At the Chung Won Korean Traditional Carpentry Academy, the father and daughter worked together seamlessly, showing the visiting reporters the basic tools, the wood and the different window and door designs they’ve created under the glaring light required for carpentry. The smell of wood was strong and calming; the elder Sim said most of the wood used for making windows and doors comes from Anmyeon Island in the West Coast.
“I love working with wood, especially cutting it open and letting the wood tell you its history, such as whether there has been a drought or a lot of rain. You can see life through wood,” Yong-sik said.
When he was young and just starting out, he performed every phase of the work — drying the wood for two to three years, cutting it, and sawing, planing and chiseling it.
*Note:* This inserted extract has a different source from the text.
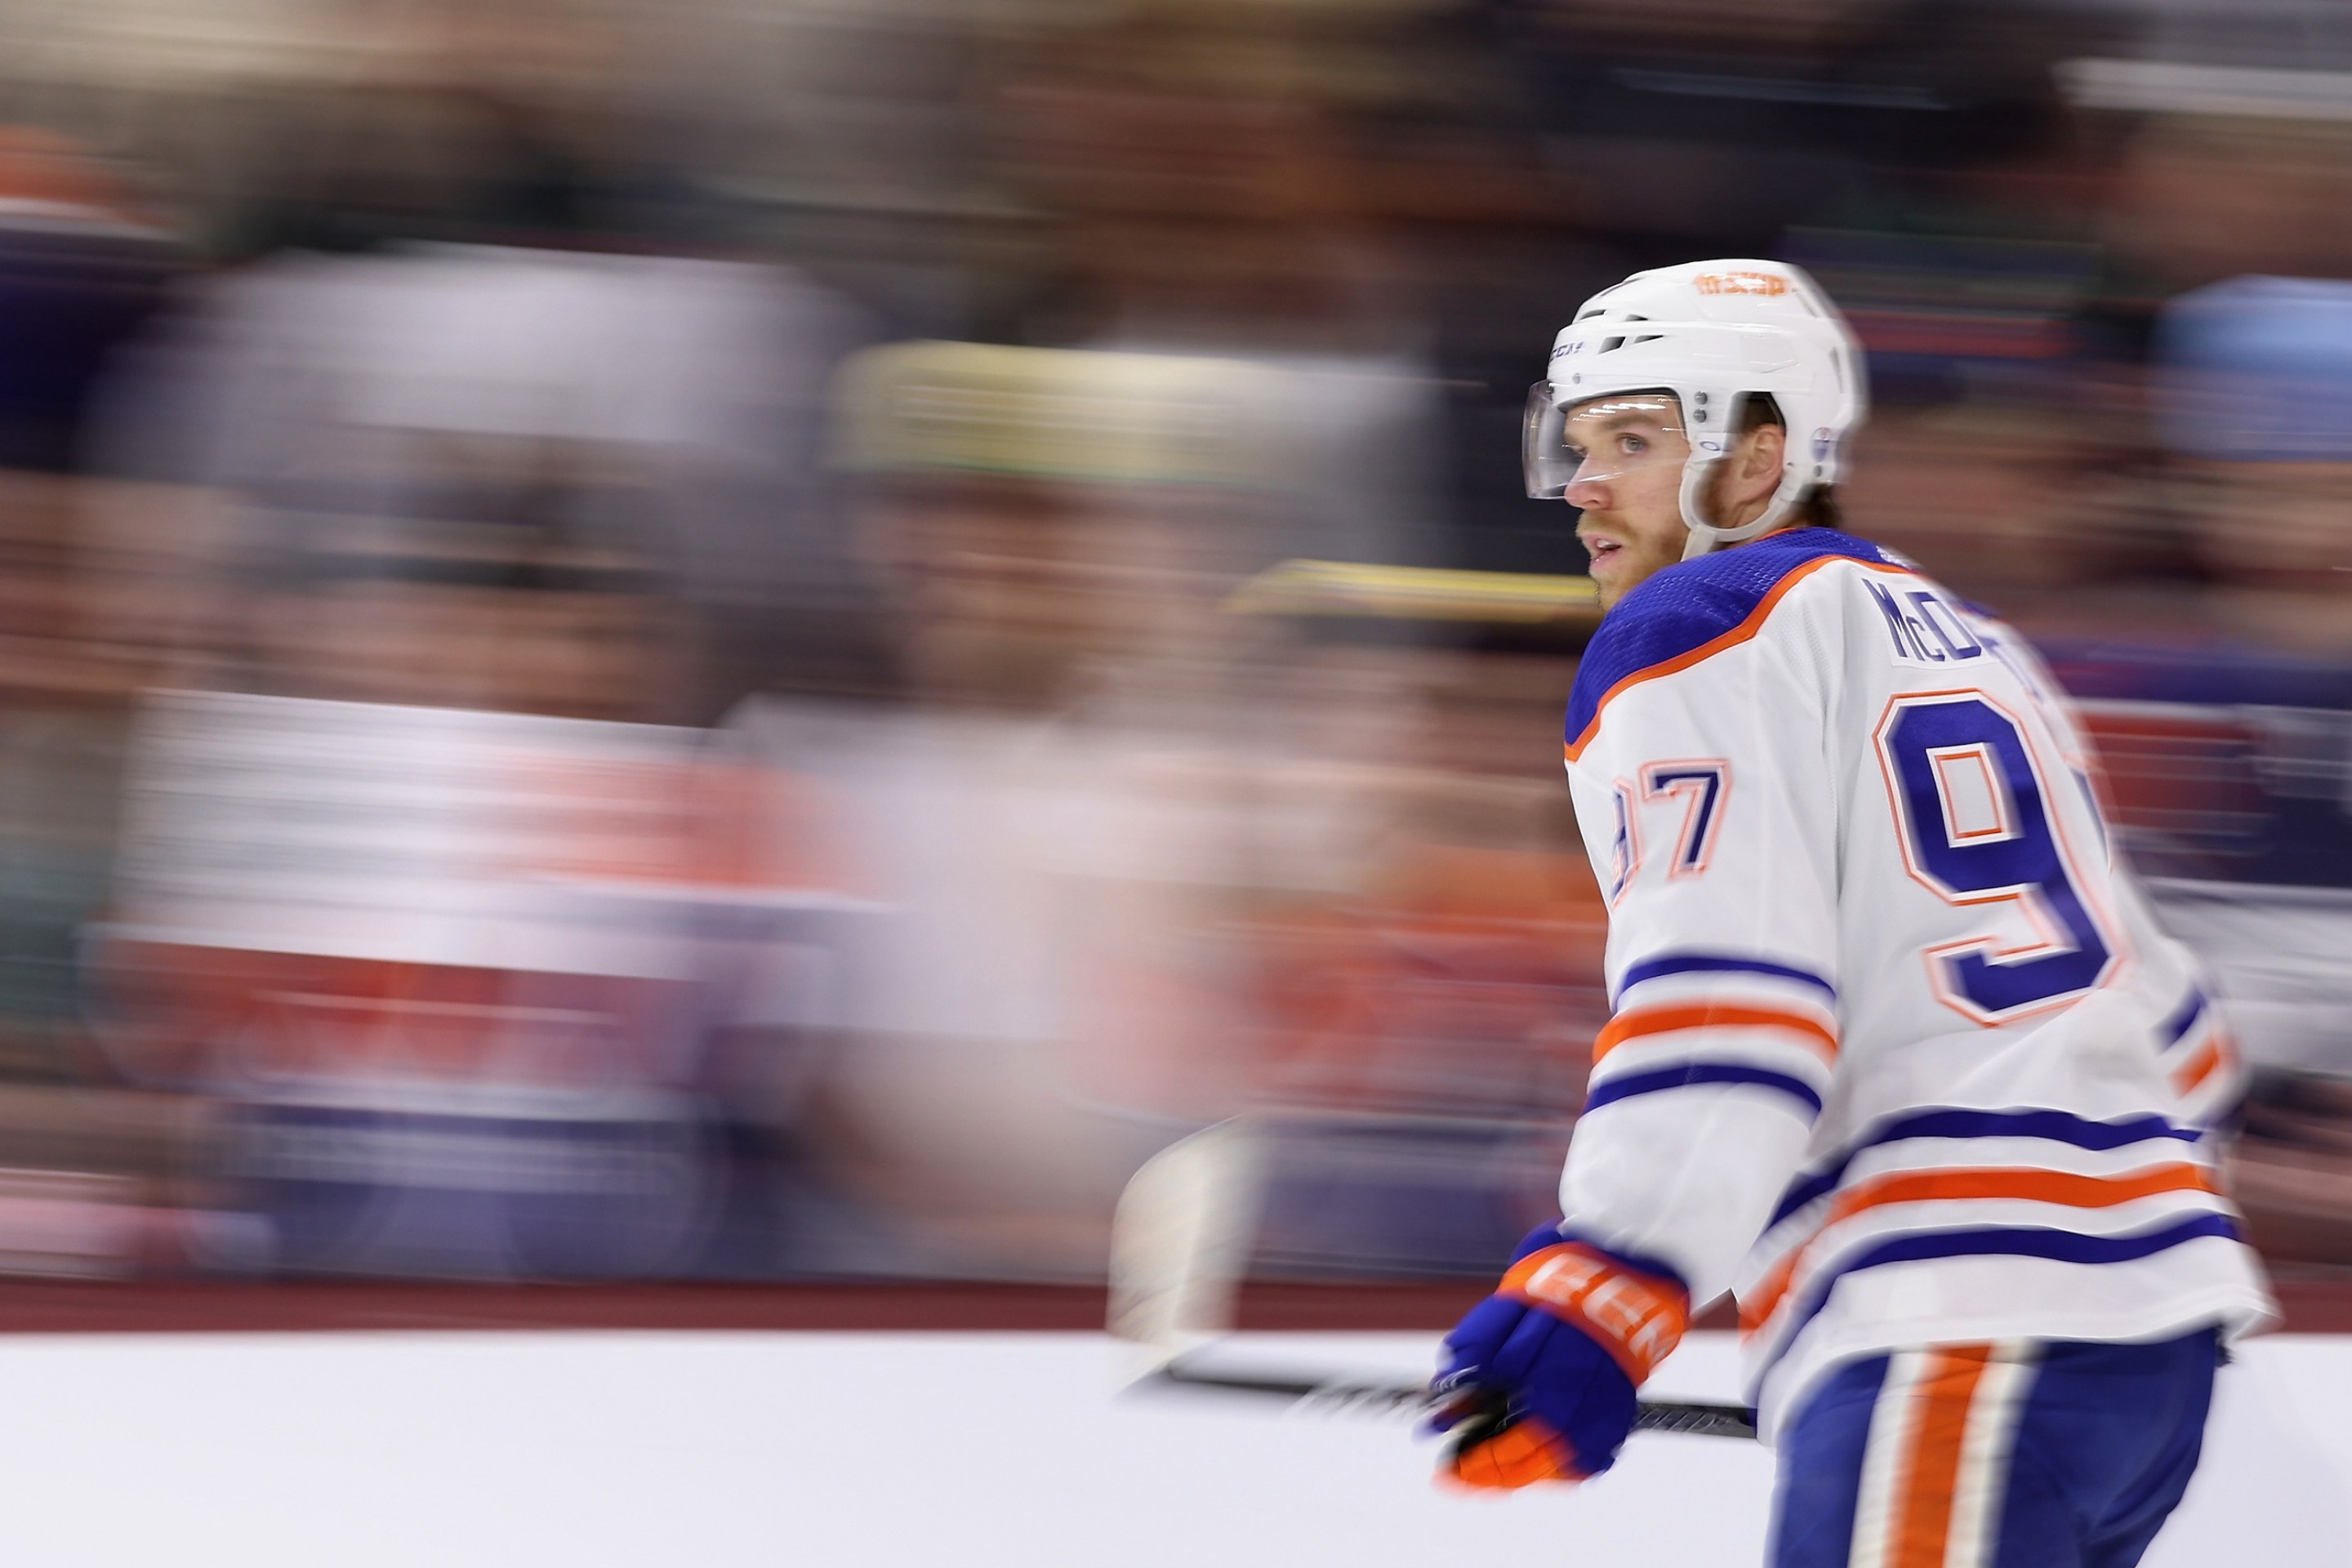 TEMPE, ARIZONA - MARCH 27: Connor McDavid #97 of the Edmonton Oilers warms up before he NHL game against the Arizona Coyotes at Mullett Arena on March 27, 2023 in Tempe, Arizona. (Photo by Christian Petersen/Getty Images)
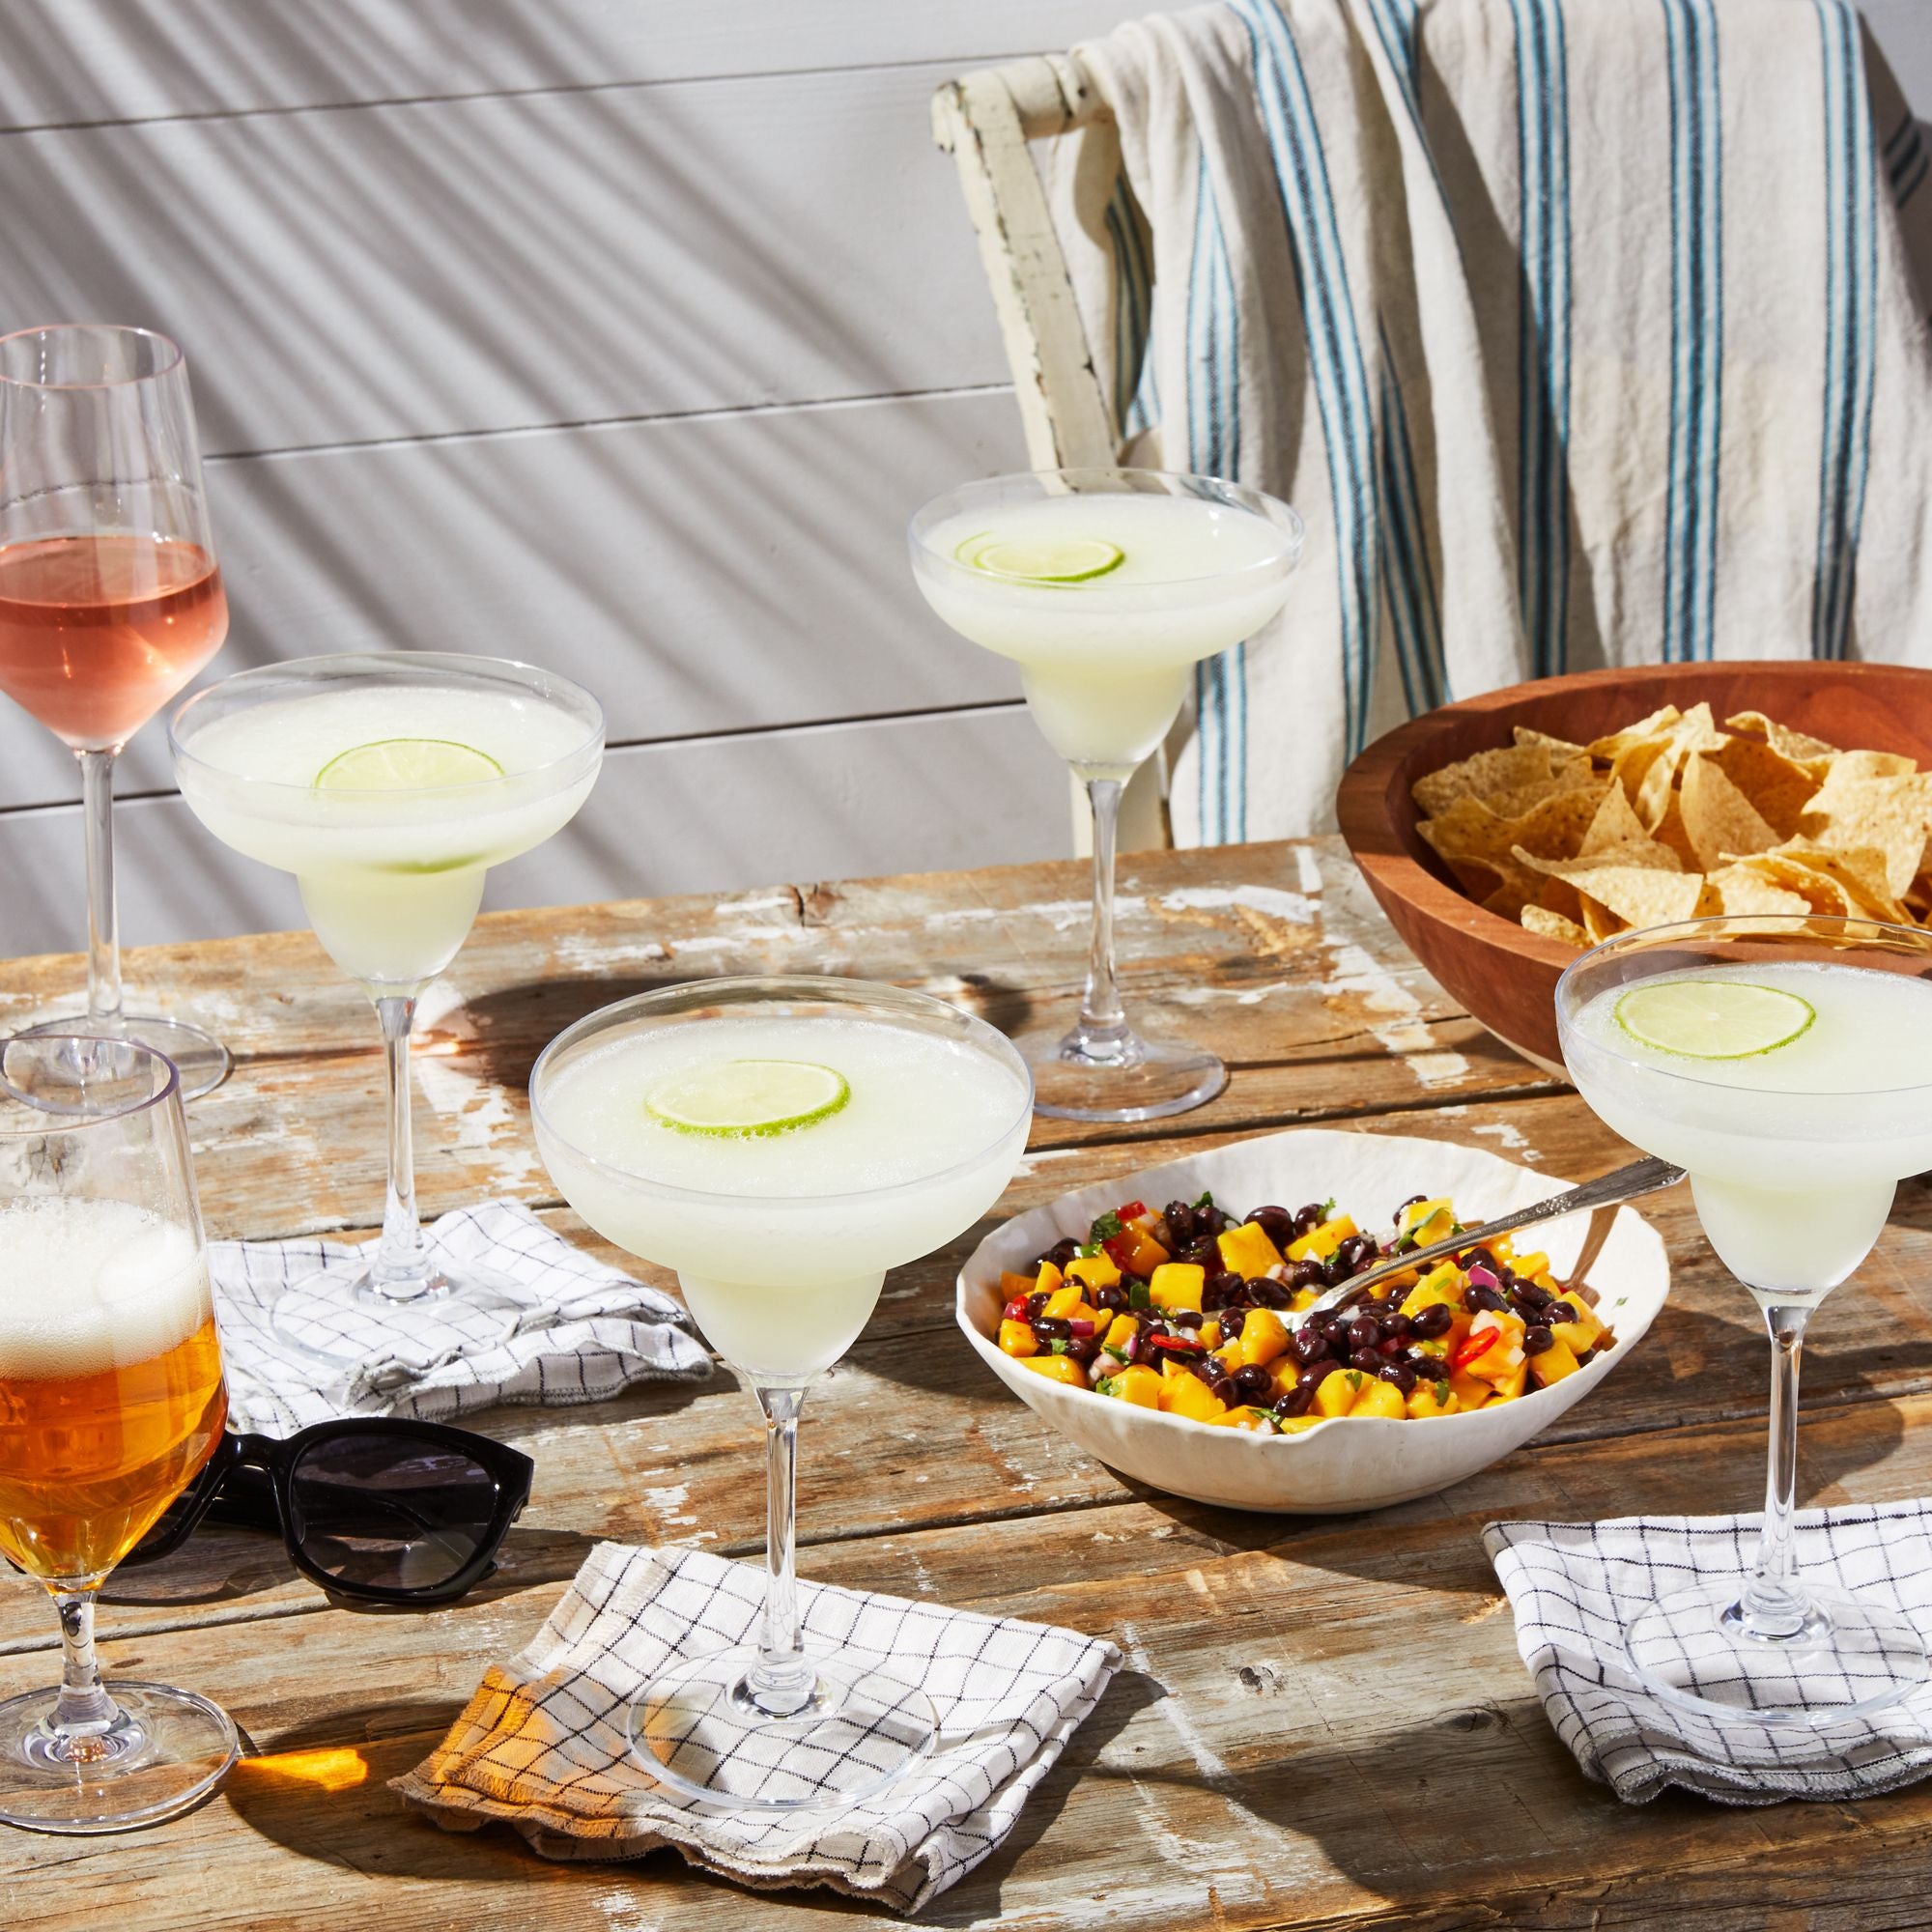 Plastic Wine Glasses: 11 Of The Best For Risk Free Drinks Outdoors

Now that he has come far in his field, he can have dried wood delivered to his workshop by a large firm outside of Seoul. He has a lifetime’s supply of wood for his work, he said. Ask how much that wood that would be, he answered, “I believe we could build dozens of traditional Korean hanok with it.”
To Yong-sik, designing and handcrafting a window or door means recreating the heart of its inhabitant through the composition of the wood.
His most fundamental job is crafting the pieces of wood that would be used for a window or door into a frame or rib, and “weaving” them into a design that reflects the inhabitant’s heart. Traditional Korean carpentry does not use metal nails, only wooden nails, if absolutely necessary.
The basic design that we can see on the windows or doors of the “hanok,” or traditional house, is the “sesalmun” or the “woven” wooden ribs. There are various other designs, such as the turtle-shell shaped designs that are used for rooms of elderly people to wish them a long life and the bee-hive design for young couples to wish them a busy (and therefore prosperous) life.
“It is very mathematical work, yet it is very delicate in that each client wants a different width of the wooden ribs or of the (window or door) frames,” the Sims almost simultaneously said.
Designated in 2006 by the Seoul Metropolitan Government, the elder Sim is a veteran carpenter who has participated in the restoration of various palaces and temples, such as parts of Changdeok Palace, Changgyeong Palace and some 500 temples including Bulguk and Songgwang Temples. In addition to running the workshop in Seoul, he also teaches at Korea National University of Cultural Heritage in Buyeo in South Chuncheong Province, because he saw that his teachers, who were wary of sharing their mastery and taking in apprentices, ended up lonely in their old age.
“I want to share what I know widely,” Yong-sik, said. At the same time, he hopes that students and future apprentices such as his daughter may be in a better position to innovate and sustainably carry on the traditional art in this day and era.
The elder Sim has spent the past 10 years traveling through India, Nepal and other places to study various door patterns. He said he has repeatedly visited a region in Kashmir just to study its door patterns.
“This exposure prompted me to think more about traditional Korean carpentry,” has adding that they enabled him to dig deeper and wider. Yong-sik said that it was only several years ago that he fully understood what his craftmanship is about .
“Admittedly, that is our biggest concern, how to give it innovation and to make this artisanship sustainable in the years to come,” Jana said.
Yong-sik said he is grateful, however, for the renewed interest in traditional arts and the attempts to imbue traditional craftsmanship into other products in modern Korean life.